Kalbim niye böyle atıyordu? Derin bir nefes alıp, kendime çeki düzen vermeye çalıştım. Burada böyle tanımadığım bir adamın karşısında fazlaca durmuştum zaten. Yürümek için ilk adımı attım. Göz ucuyla tekrar baktığımda bu sefer ağaca baktığı gördüm. Ben yanından yürüyüp giderken o da ağaca doğru yürüdü. Artık ardımda kalmıştı tanımadığım bu adam. Adımlarım anlık olarak duraklasa da hemen toparlanıp hızla yürümeye başladım. Ama saniyeler içinde beni sesiyle durdurmuştu.
"Bu senin mi?"
Kaşlarımı çatarak ona döndüm. Önce gözlerine baktım. Gözleriyle elini işaret edince bakışlarımı eline çevirdim. Elinde bir zincir sallanıyordu. Ona doğru biraz daha yaklaştım. Babamın zinciriydi bu. Bunu anlamamla birkaç adımda yanına gidip avcunun arasından aldım zinciri.
Nasıl düşürmüştüm bunu? Nasıl düşmesine izin vermiştim? Ya bu adam olmasaydı? Ya bulmasaydı? Bana söylemeseydi? Ne yapardım ben?

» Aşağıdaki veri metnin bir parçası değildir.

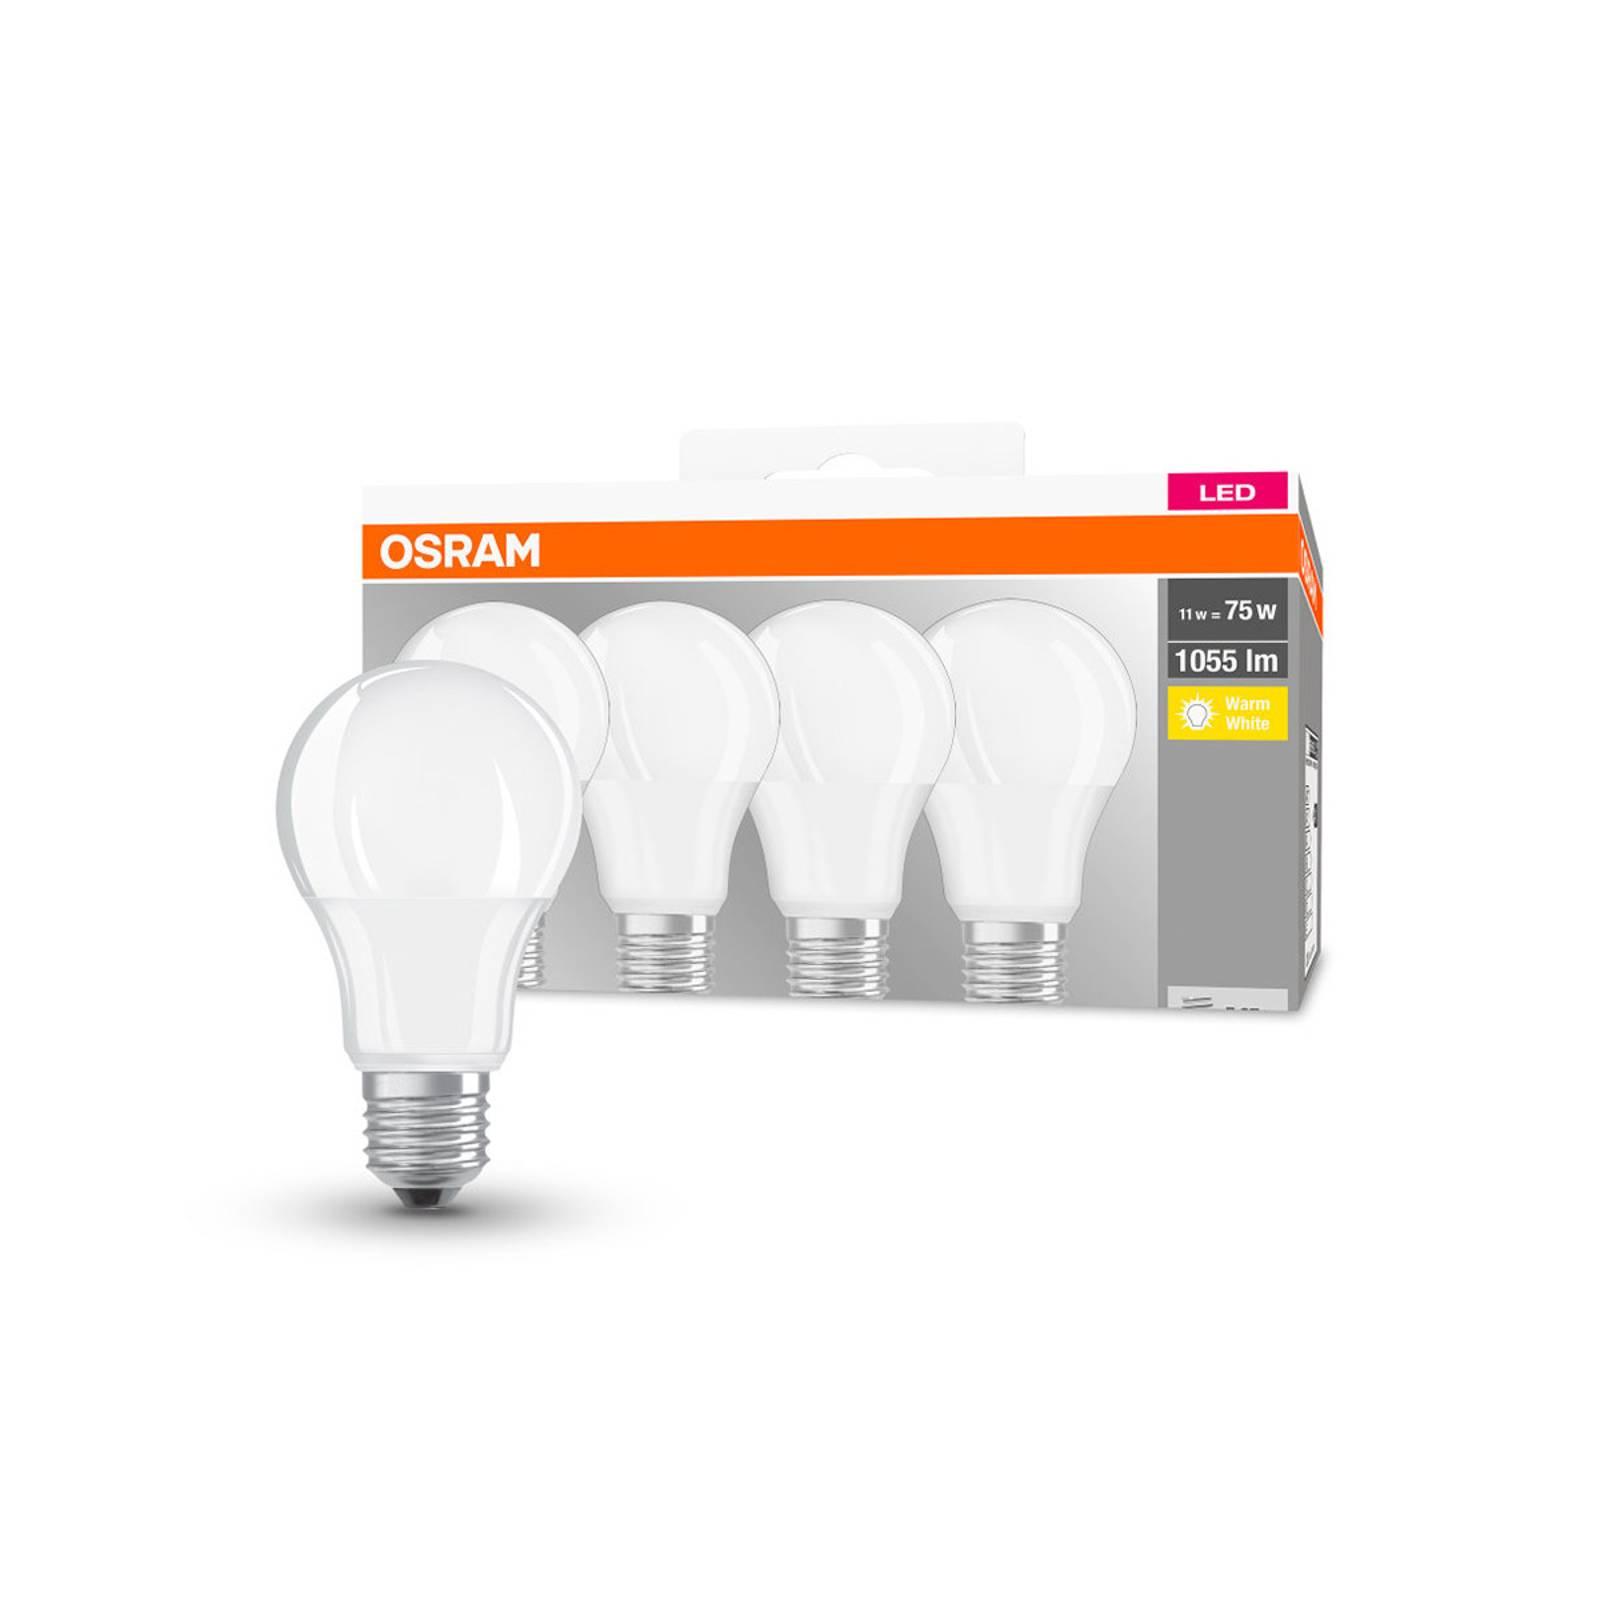 OSRAM-LED-lamppu Classic E27 10W 2700K 1055lm 4kpl

Babama ait bir sürü şeyim vardı. Ondan bana hatıra kalan. Bir sürü mektup, bir tesbih koleksiyonu. Bana bıraktığı güzel bir albüm. Daha bir sürü şey. Ama bu zincir, sadece bir zincir değildi. Annemin ilk kazandığı maaşla babama aldığı hediyeydi. Annem için de anlamı büyüktü. Ama babam için anlamı bambaşkaydı. Yıllarca, bu yaşına kadar, bu zinciri boynunda taşımıştı. Bense onu az kalsın kaybediyordum.
"İyi misin?" diye sordu bu defa. Başımı ağır ağır kaldırıp ona baktım. Ona bakarken gözümden bir damla yaş aktı. Avcumun içindeki zinciri sıktım. Boş olan elimi kaldırıp, gözümden akan yaşı sildim. Başımı aşağı yukarı salladım.

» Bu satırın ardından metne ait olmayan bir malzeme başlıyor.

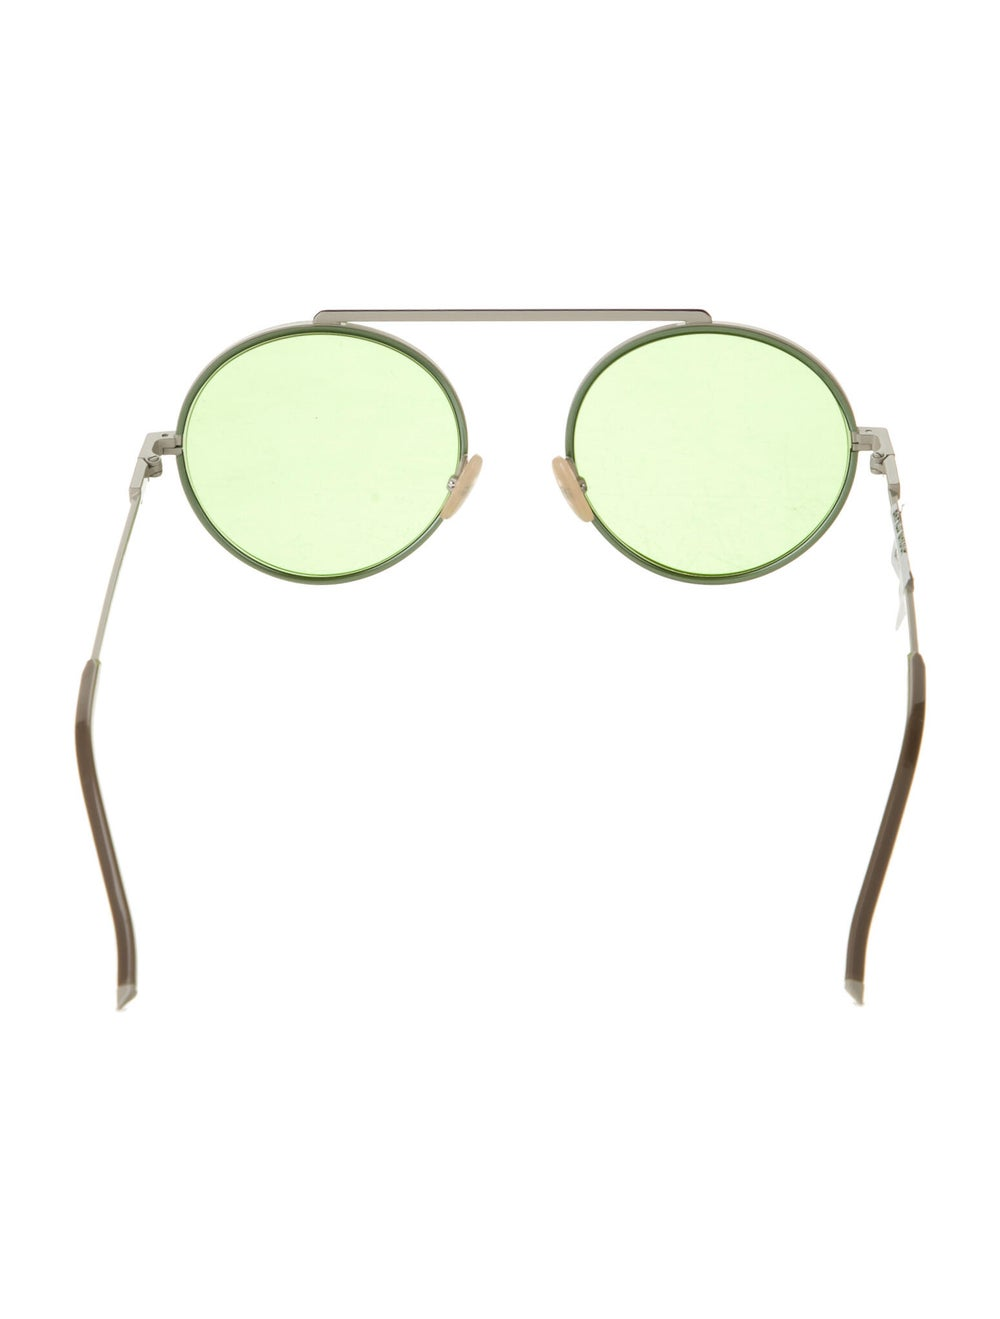 Fendi Round Tinted Sunglasses - image 3

"Teşekkür ederim." dedim önce. Dudaklarımı yaladım ve konuşmama devam ettim. "Kaybetmeyi göze alamayacağım bir şeydi. Çok sağ ol."
Gözleri gezindi tüm benliğimde. Ne düşündüğü anlaşılmıyordu. Sonunda konuşup "Senin için bu kadar önemliyse, daha dikkatli ol. Üzülme sonra." dediğinde yüzünde tek bir mimik bile oynatmadığını fark ettim. Dümdüzdü bakışları. Ama delici ve keskindi. Gözlerimin içine bakmıyordu sadece, tüm benliğime bakıyormuş, ruhuma kadar yetişiyormuş gibi hissettiriyordu bana.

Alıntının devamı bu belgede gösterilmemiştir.